Harry lost his appetite.
He paced his quarters and battled demons on the holodeck.
None of it made any sense.
Seska was a Cardassian spy. That one was easiest to believe. She'd infiltrated the Maquis ship to serve her people. He could understand that. Relate, even.
But a traitor?
What was the point, so far from home?
Harry paced.
Why the Kazon? They were brutish, technologically primitive, politically fractured.
Not exactly ideal allies, even for a Cardassian.
Were they simply canon fodder for a planned take-over of the ship? Expendables to secure herself a faster way home?
Would she kill to take the ship? Could she?
He'd counted her among his friends. Had she done the same?
Harry's feet carried him blindly.
Had anyone ever really known the real Seska?
Every smile, every laugh, every playful touch...it was going to haunt him, now.
He'd always thought he was a pretty good judge of character. Had any of it been real?
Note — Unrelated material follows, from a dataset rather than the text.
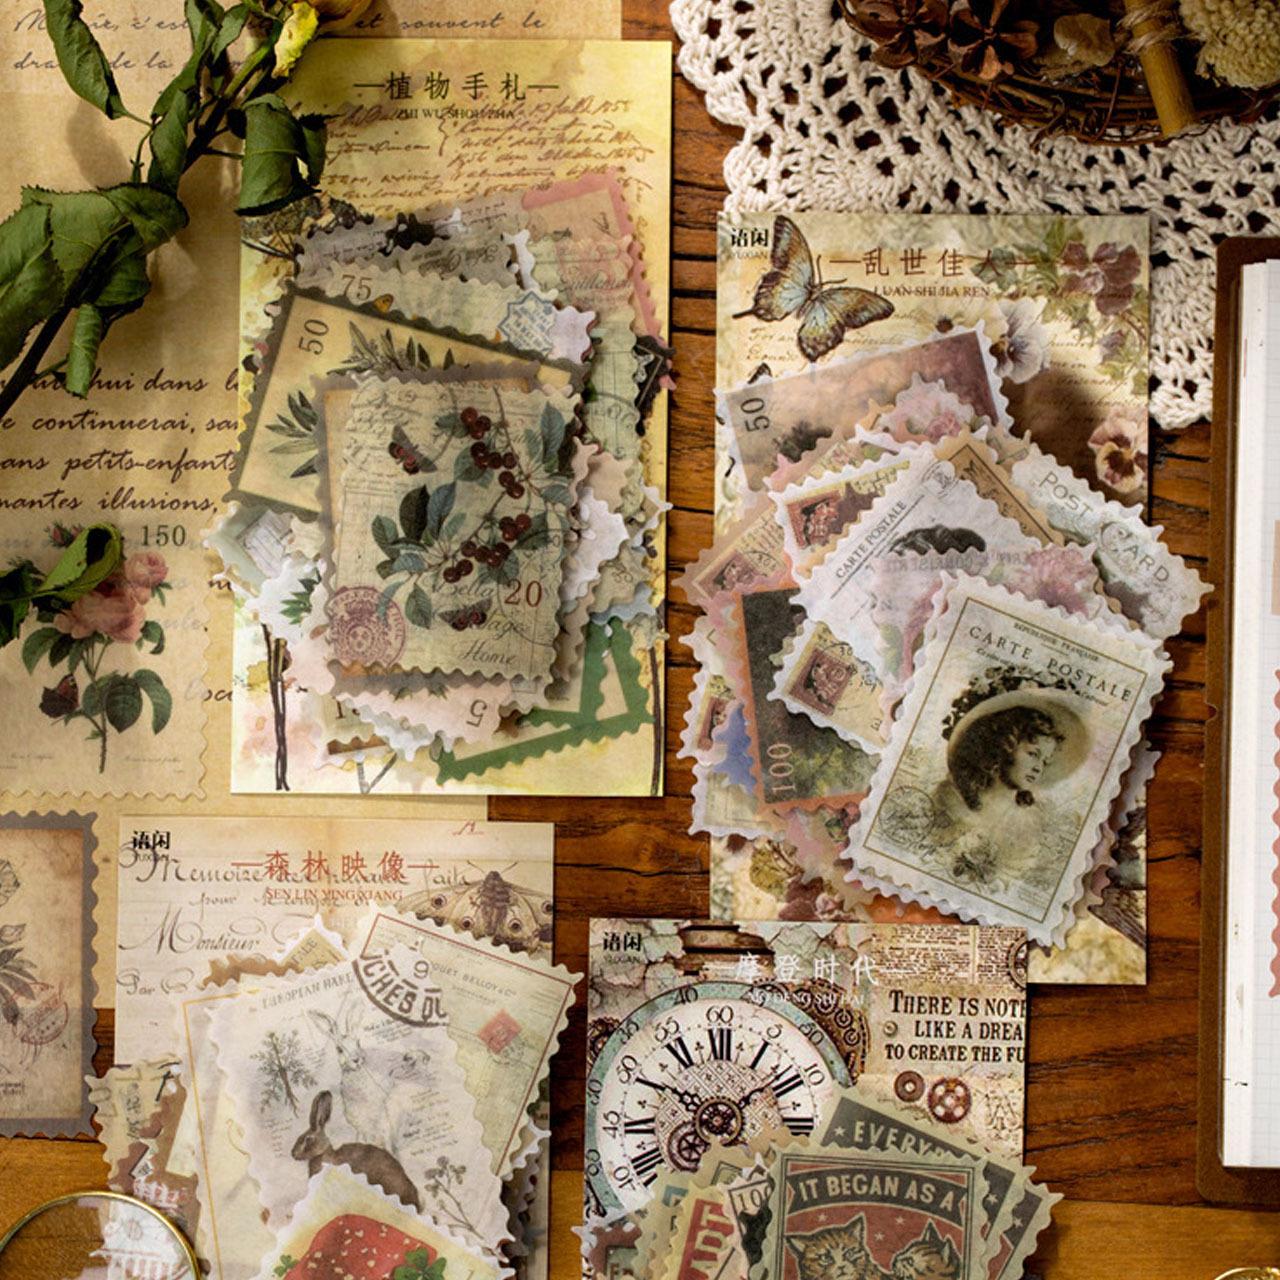 レトロ スタンプ ステッカー 全4種 きのこ うさぎ 植物 花 貴婦人 切手モチーフ ほぼ日手帳 コラージュ ジャンクジャーナル 素材 シール F01

The camaraderie, the laughter...Could it all have been an act?
He tried to stop, but couldn't sleep.
Six hours on the bridge, two in his quarters...an hour fighting demons...he'd lost track of time. Pacing, wondering, berating, loathing. He would have to be on the bridge again in a few hours, but there would be no rest.
He needed to talk. To vent. Rage. Despair.
He needed someone who would understand.
Harry glanced around the corridor. Wrong section.
Letting his feet guide him, he went to the only other person he knew would understand.
He went to Seska's closest friend.
Harry hadn't seen B'eLanna since before the news had broke, and that was saying something. He was fairly certain he'd paced the length and breadth of the ship twice over by now, without so much as a trace of the Chief Engineer.
Stopping outside B'eLanna's quarters, he rang the chime.
He was answered by something heavy hitting the still sealed door. He rang again.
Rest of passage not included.